EXERCISE OBJECTIVE:
Your copy begins at the line with "Self-Made Trans Pride Hat" and runs through the end of the data below. Set down only those lines exactly, without pictures.

DATA SECTION:
********

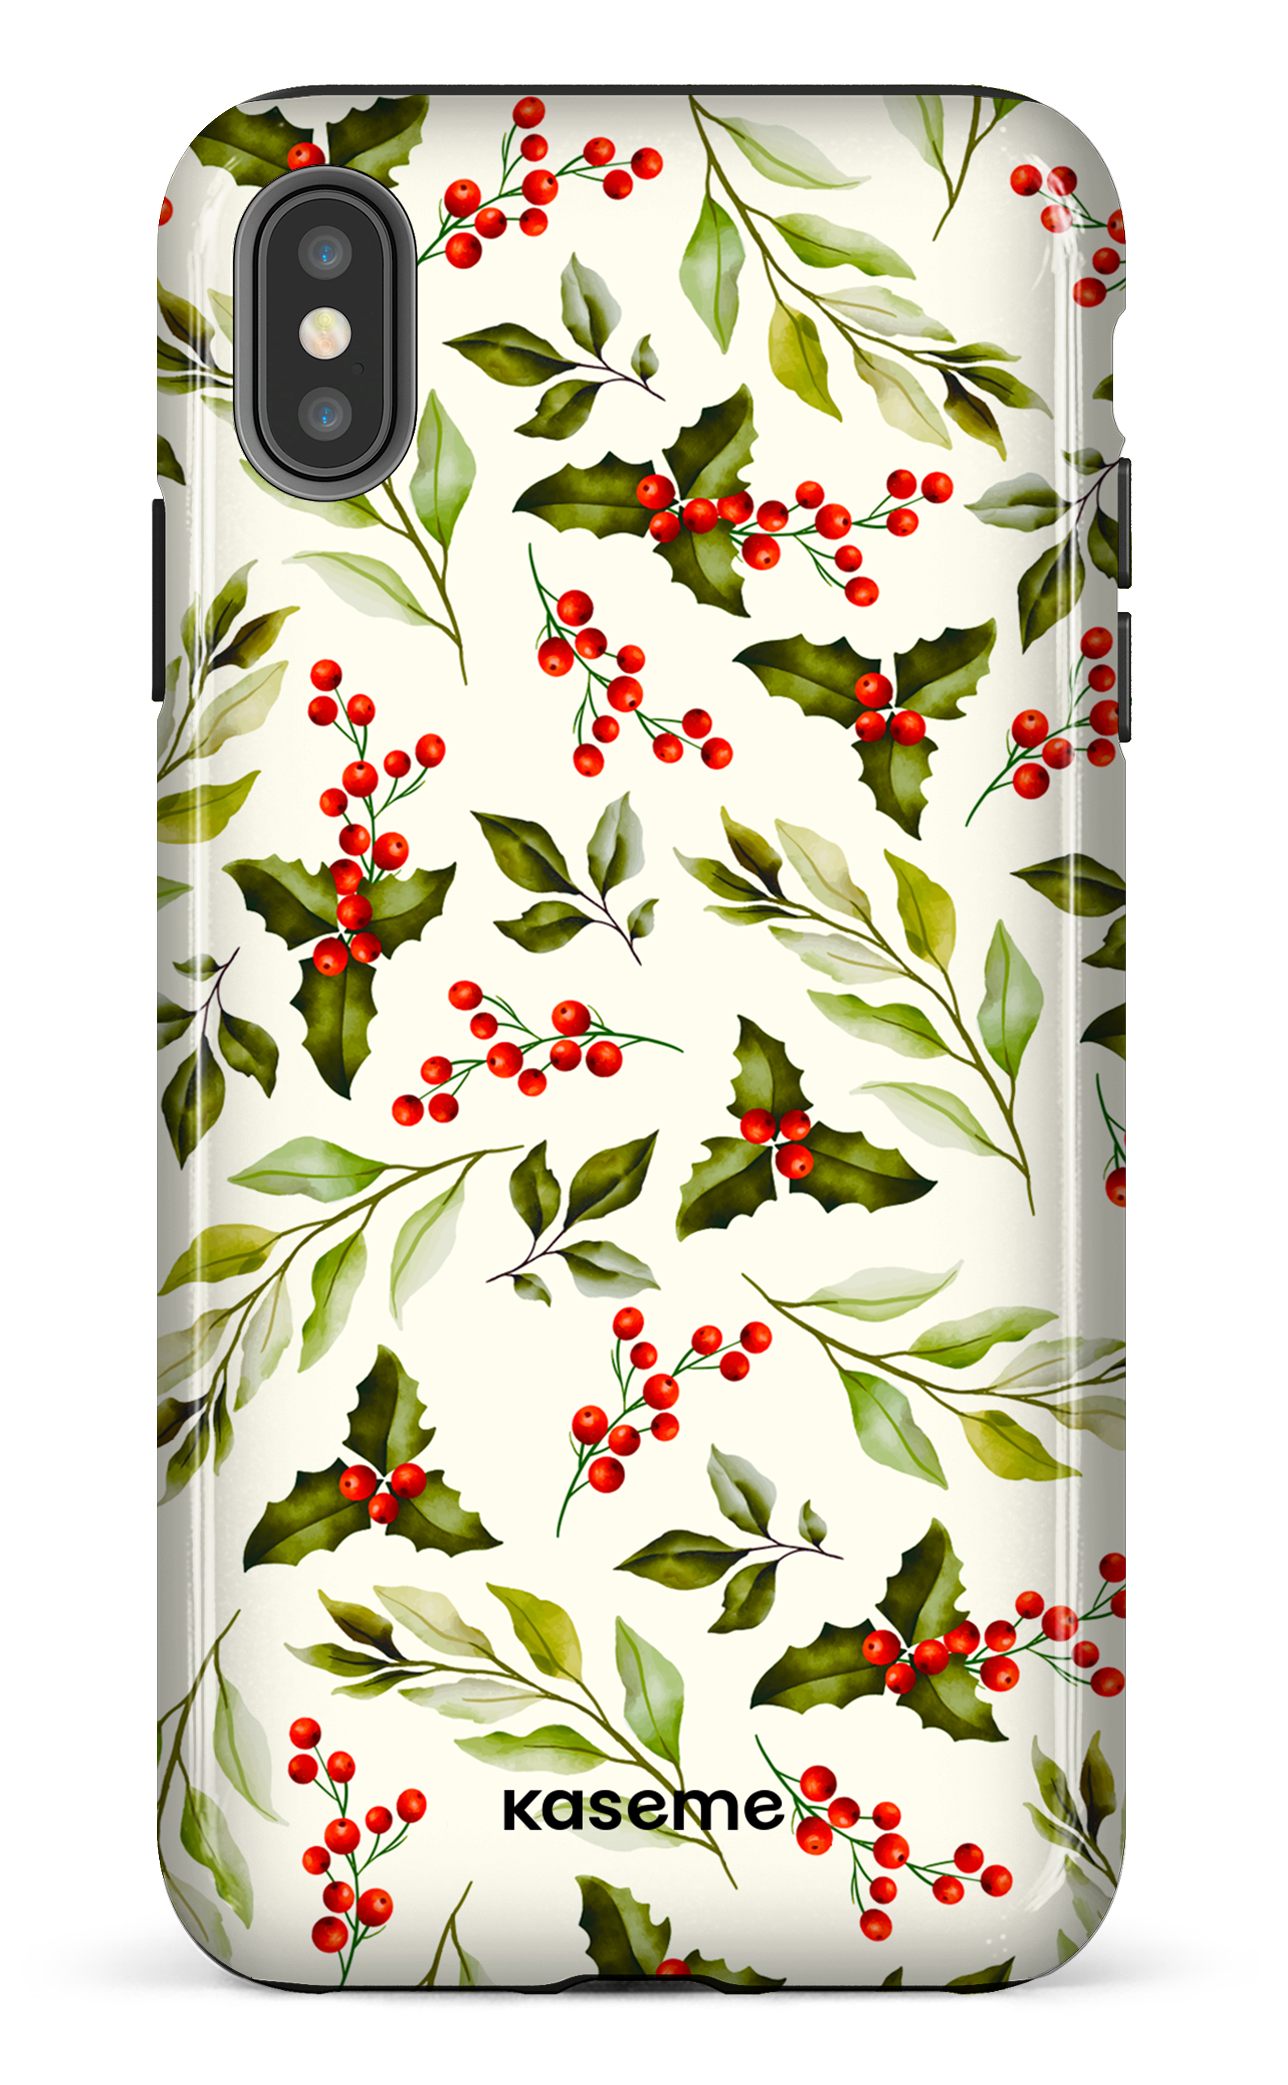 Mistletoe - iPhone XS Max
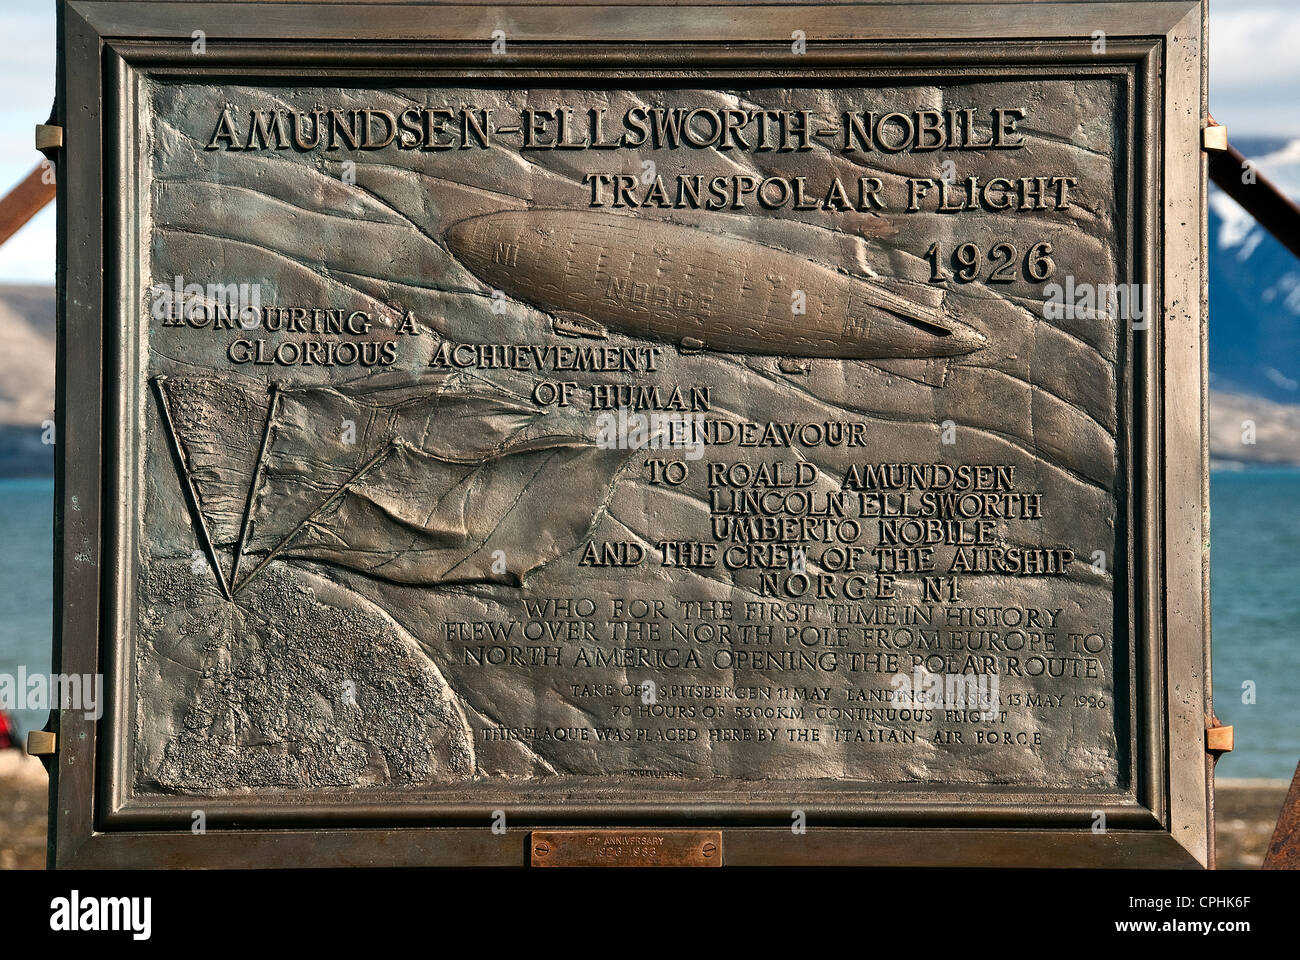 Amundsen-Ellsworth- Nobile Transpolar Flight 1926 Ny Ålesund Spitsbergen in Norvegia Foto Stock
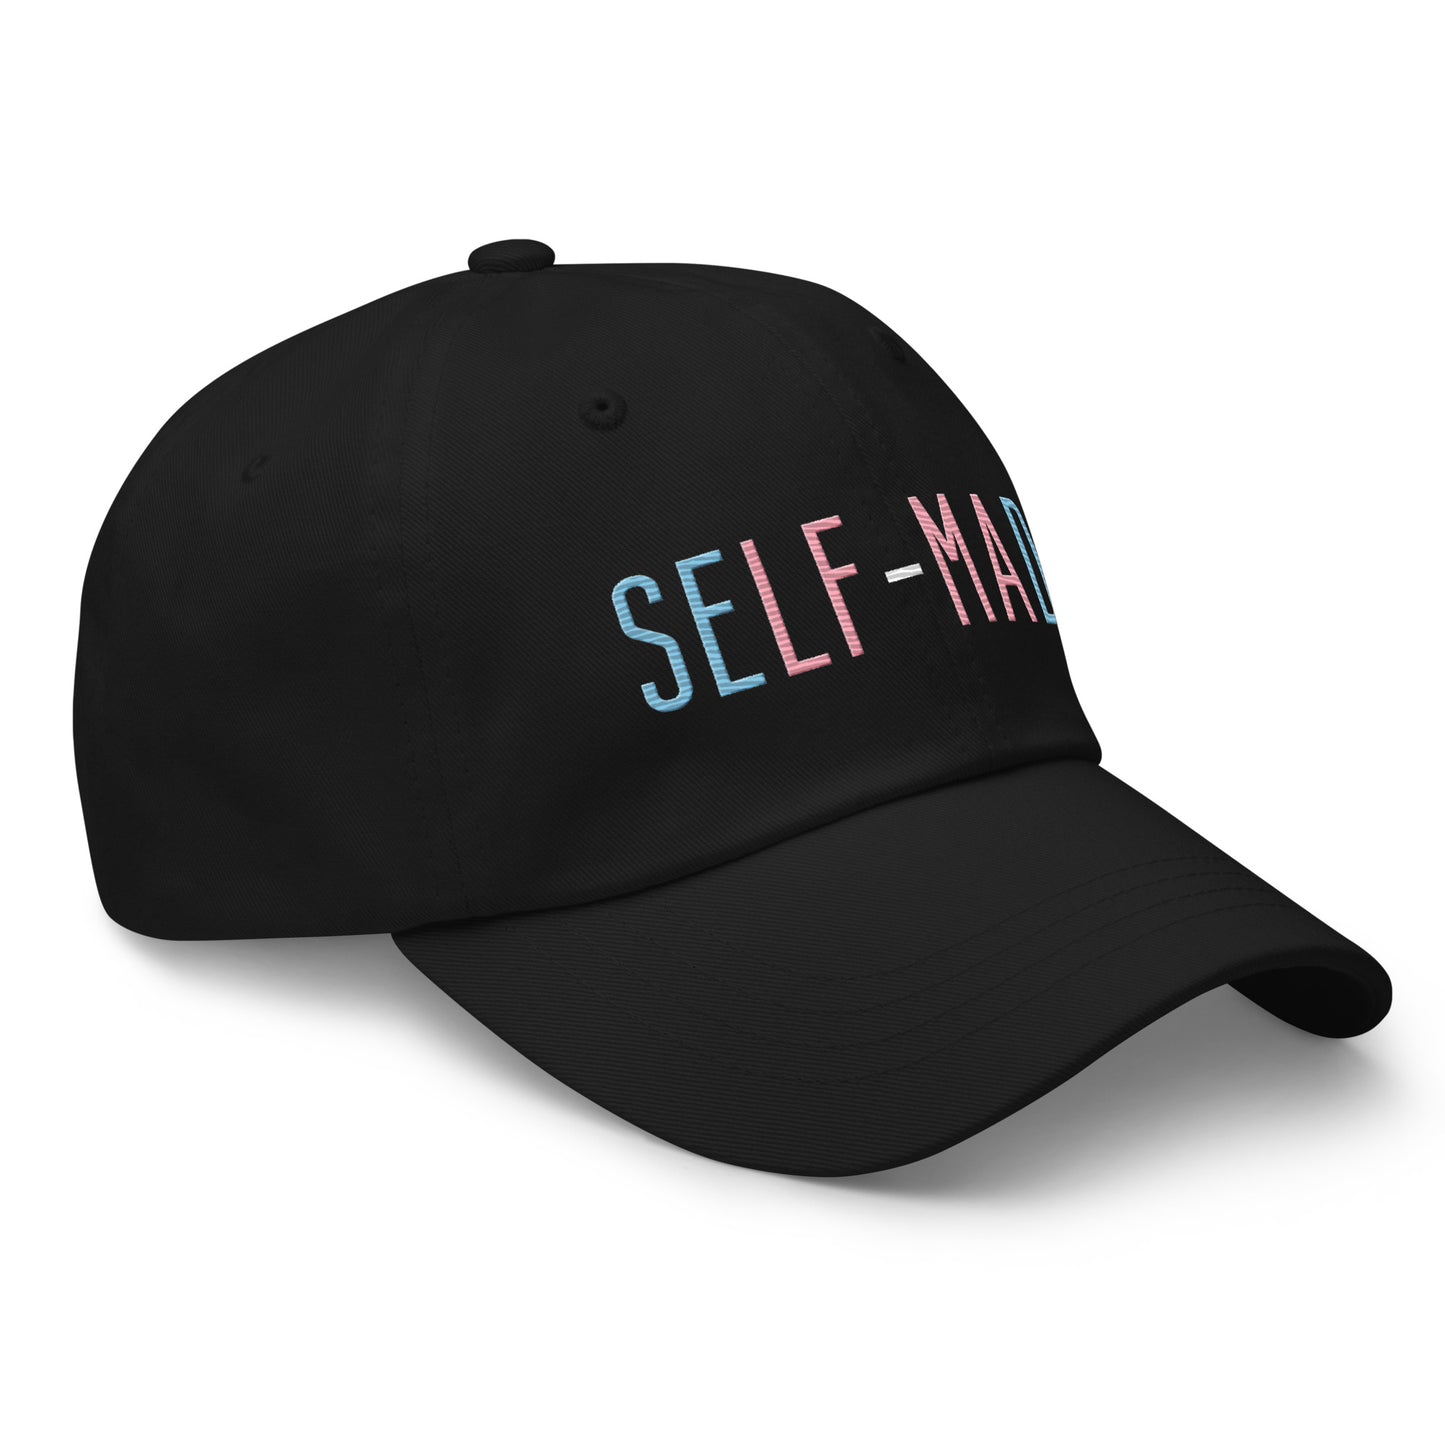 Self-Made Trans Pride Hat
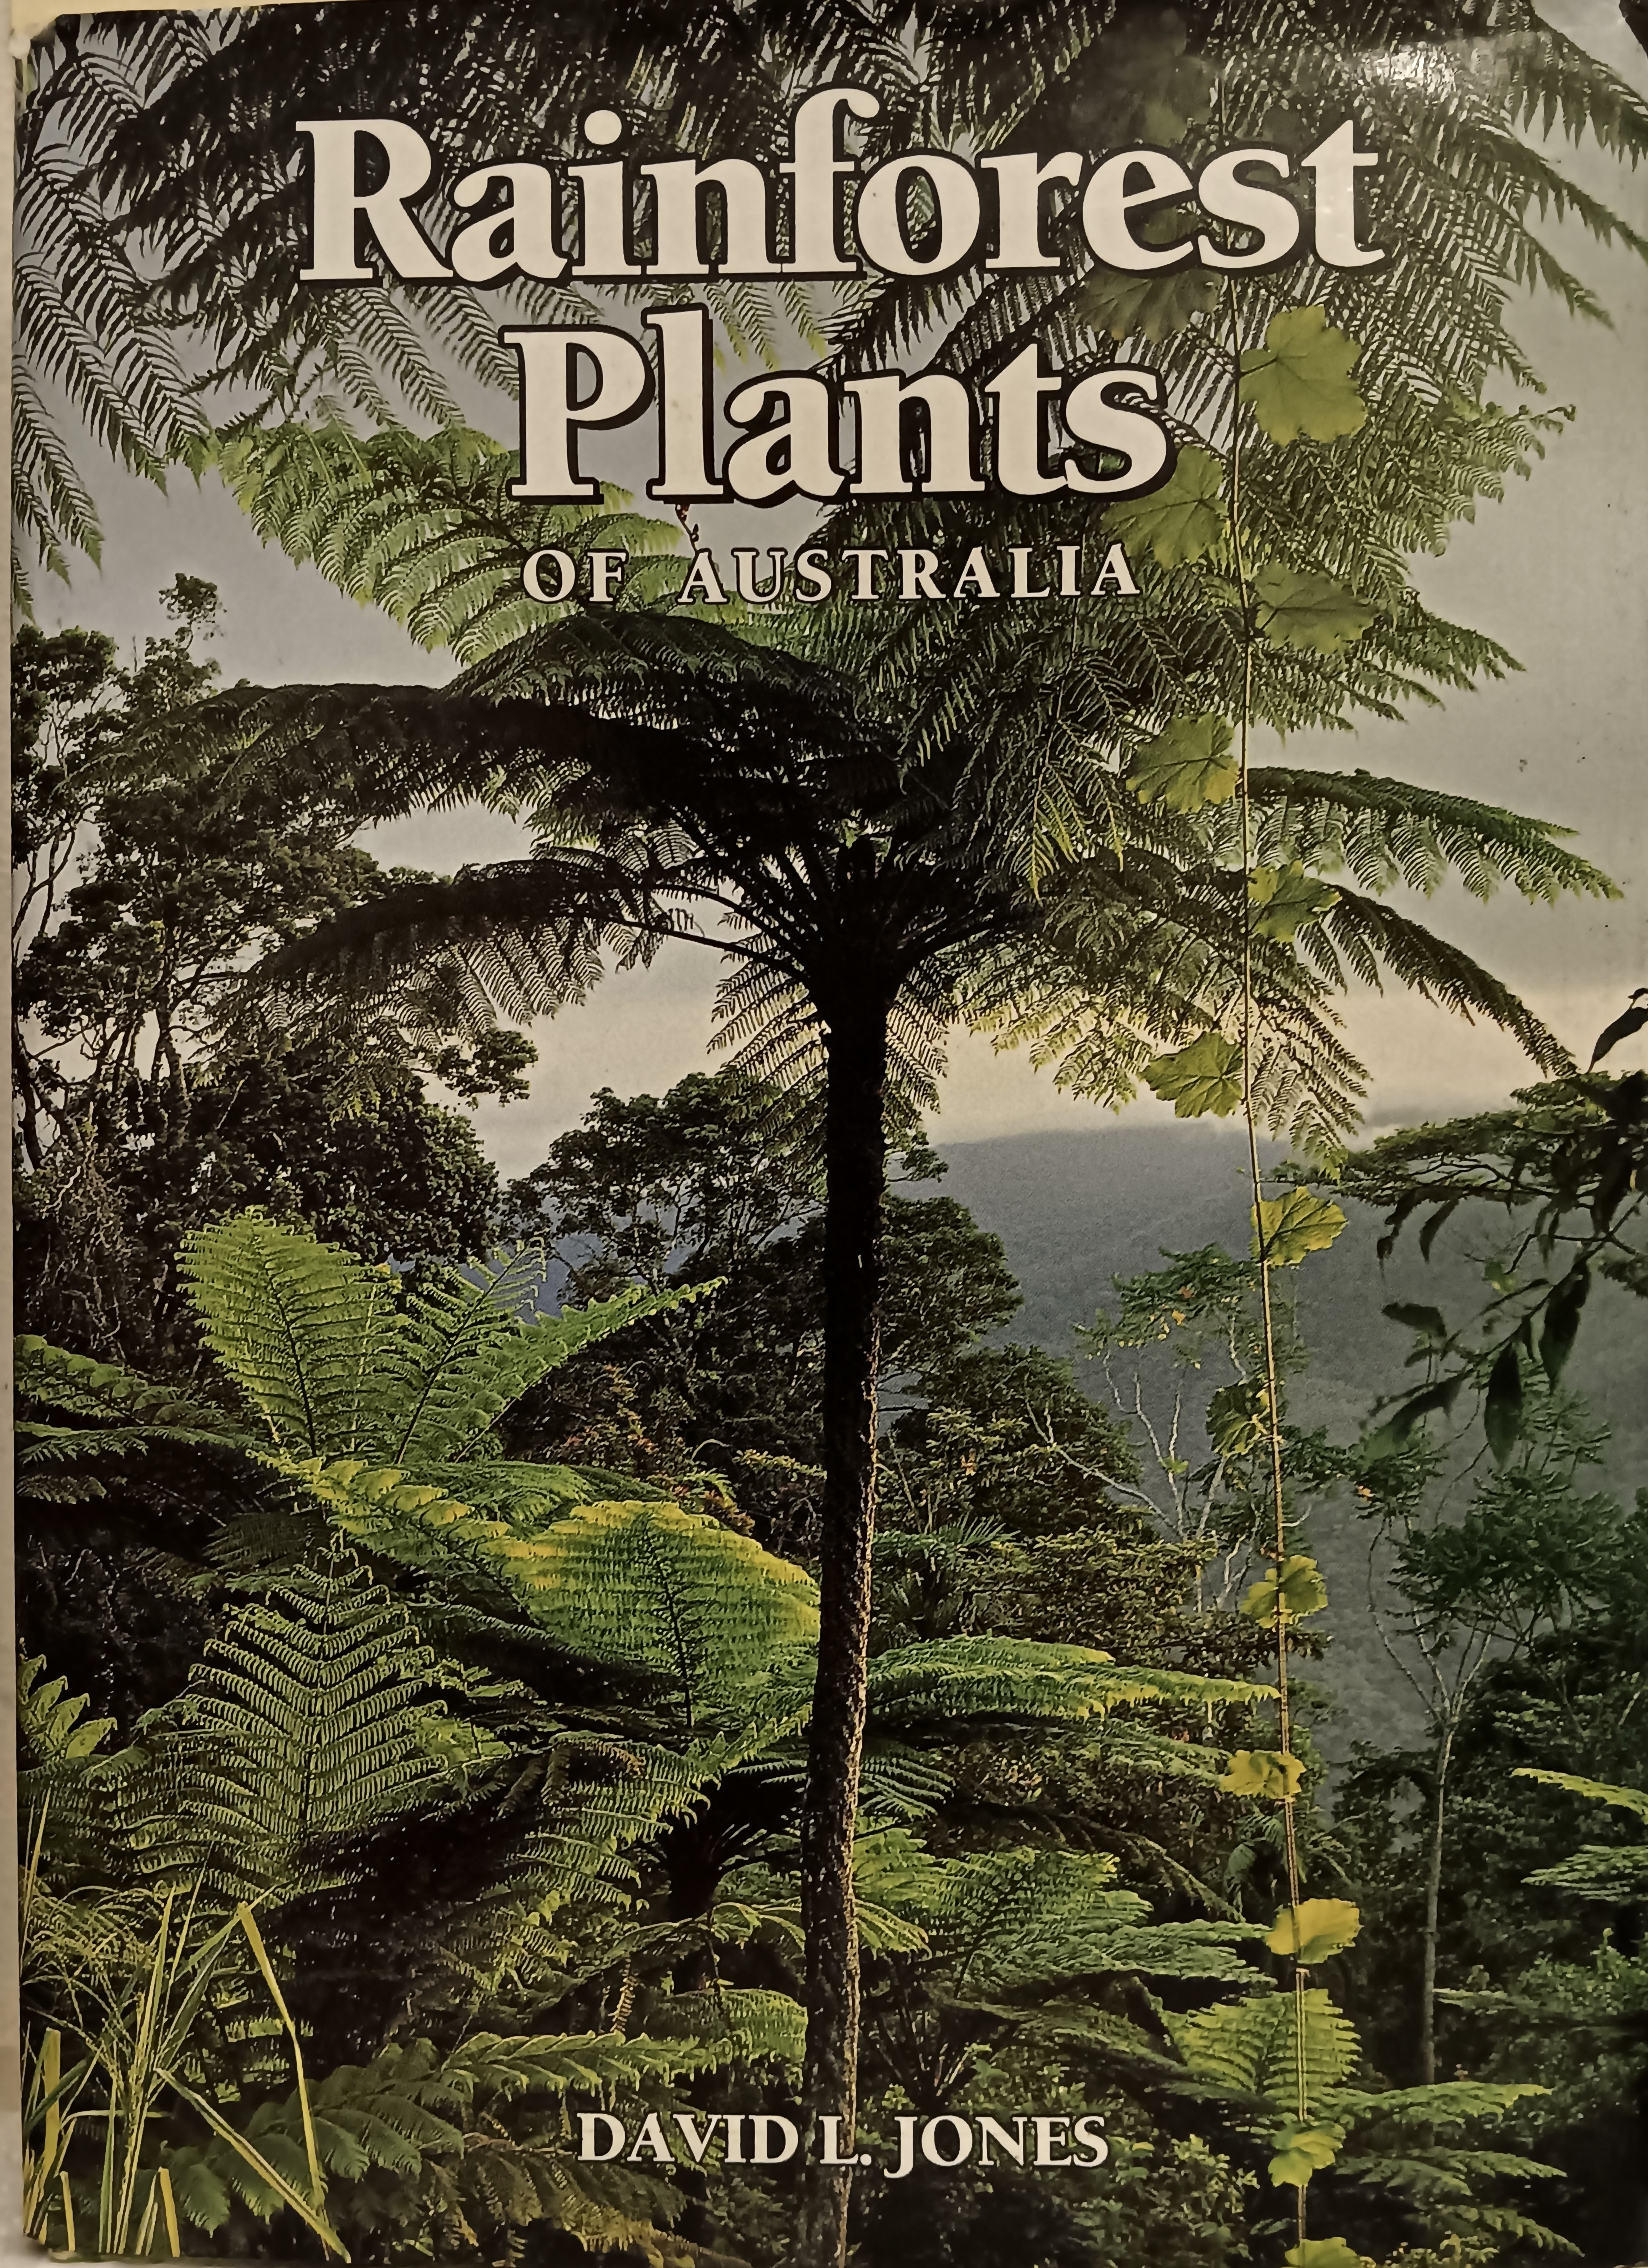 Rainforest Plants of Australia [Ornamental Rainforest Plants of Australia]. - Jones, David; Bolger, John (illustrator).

********

FINISHED EXERCISE:
 Self-Made Trans Pride Hat
 Rainforest Plants of Australia [Ornamental Rainforest Plants of Australia]. - Jones, David; Bolger, John (illustrator).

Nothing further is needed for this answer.